Higher education frequently faces accusations of pushing an overly progressive worldview onto students, leading to homogenized thinking. Almost half of adults, 47%, believe that college makes people more politically liberal, compared to only 6% who said it makes people more conservative, according to a 2022 YouGov poll

Politicians often repeat this claim as they work to undo the aspects of higher education they disagree with. In Florida, Republican Gov. Ron DeSantis has lambasted his state’s public colleges and is working to remake them to more closely mirror conservative institutions like Michigan’s Hillsdale College, a private Christian liberal arts school.

But the new research in PLOS One “cautions against viewing college as a uniform and overall equalizing experience.” It demonstrates changes in higher education’s influence over time.

“We did find that people who go to college are a bit less likely to be moderate.

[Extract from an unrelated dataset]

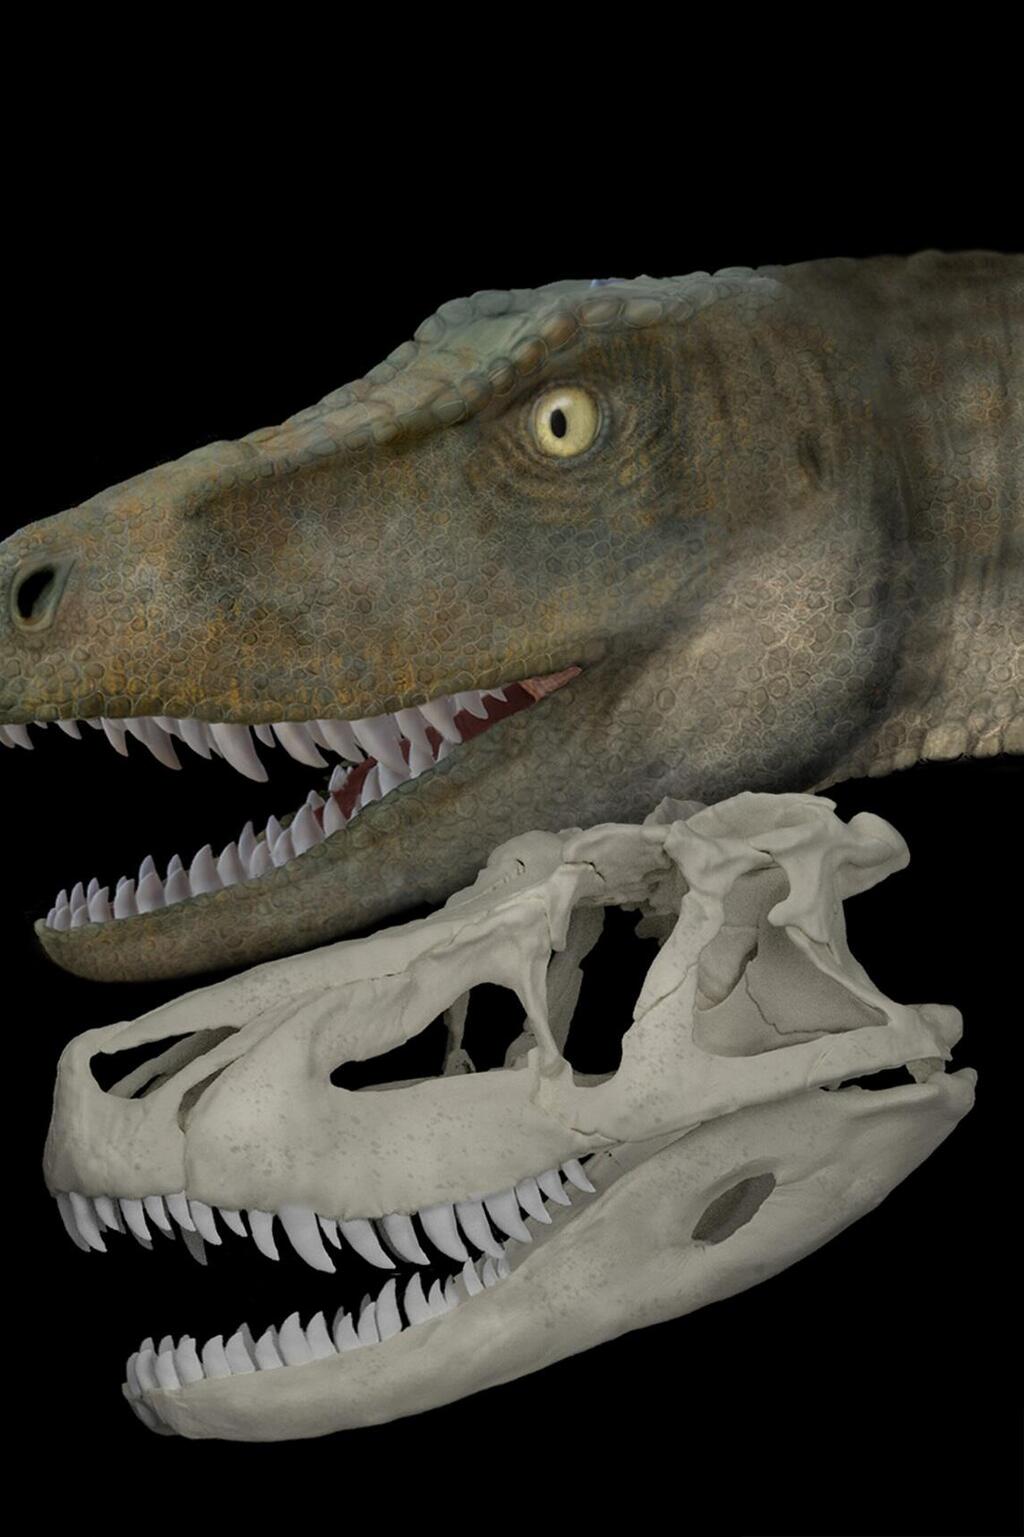 Los reptiles antiguos que precedieron a los dinosaurios tenían mordidas débiles, según un estudio
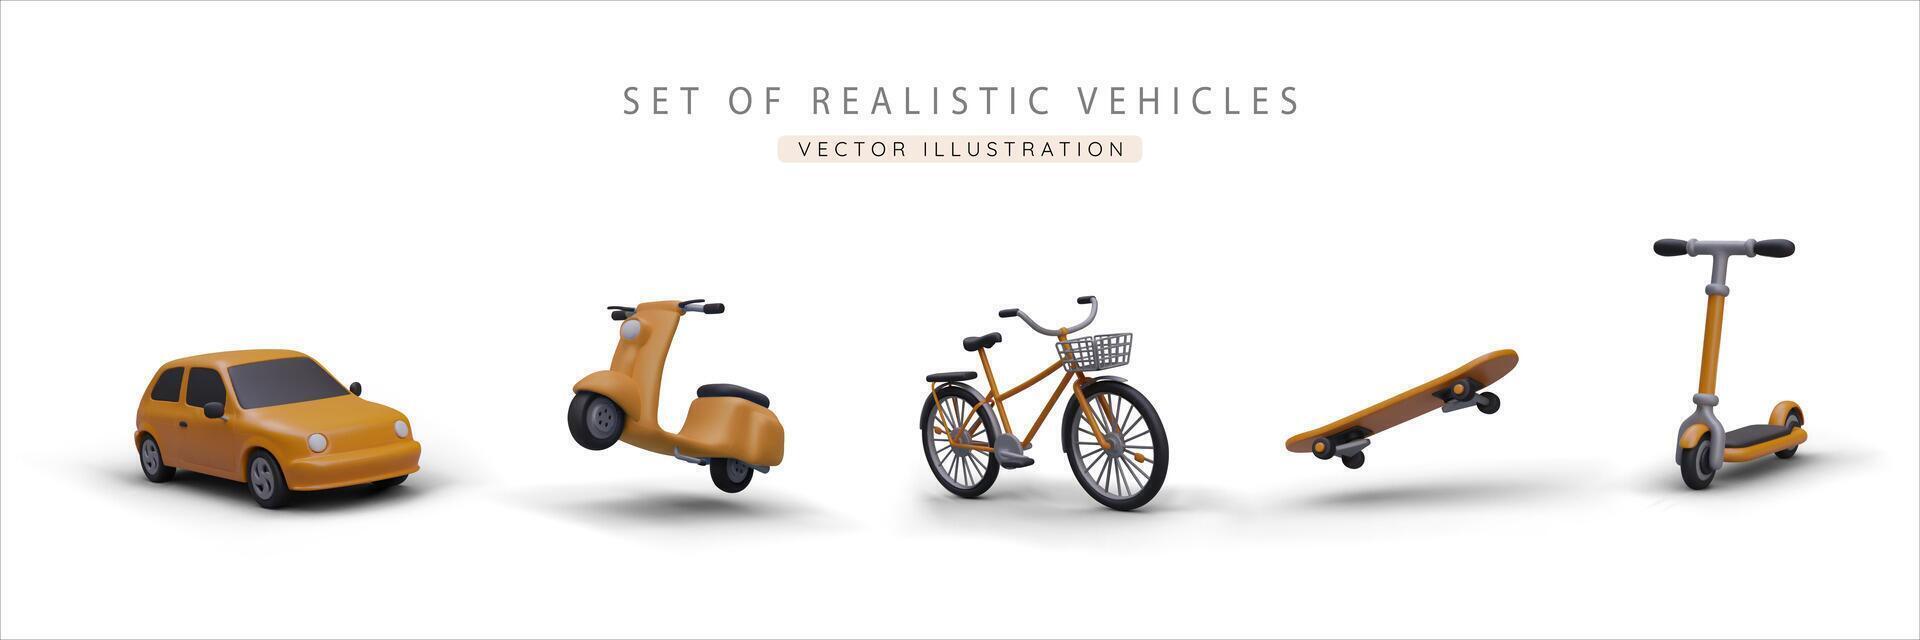 uppsättning av realistisk 3d gul bil, skoter, cykel, skateboard och sparka skoter vektor

They’re more likely to have a political position, but it doesn’t look like there’s any liberalizing tendency,” said Stephen Vaisey, professor of sociology at Duke University and a coauthor of the research. “If there was a time when college was dramatically liberalizing, it was in the past and it was especially for women.”

Researchers found that twice as many women as men who were born in 1933 became more liberal during college. It is possible that during this time, the height of this gender gap, college exposed women to more liberal social ideas that they wouldn’t have learned about otherwise, the research said. The divergence between women and men shrank beginning with the 1944 birth cohort and eventually stabilized two decades later.

At the beginning of the 20th century, male students leaned slightly more liberal after attending college. But from 1944 on, men were simply less likely to be moderate, increasingly taking a side on either end of the political spectrum.

It could appear that modern-day college graduates are disproportionately liberal because left-leaning students are more likely to enroll in the first place, Vaisey said.

The research worked to remove self-selection bias — when people sort themselves into a group, like enrolling in college — by weighing student factors like their religion and hometown, in addition to their parent’s highest level of education and the prestige of their fathers’ job.

The findings reinforce that college’s effects on political beliefs are not as straightforward as some believe, according to Alyssa Rockenbach, a higher education professor at North Carolina State University. Rockenbach specializes in the intersectional identities of college students.

“College’s influence in people’s lives is almost always more complex than is assumed,” she said in an email. “The notion that college liberalizes students — or that higher education is a bastion of liberal ideologies — has been used to dismiss all that higher education contributes to society and has been the basis of efforts to undermine higher education’s critical social role and autonomy.”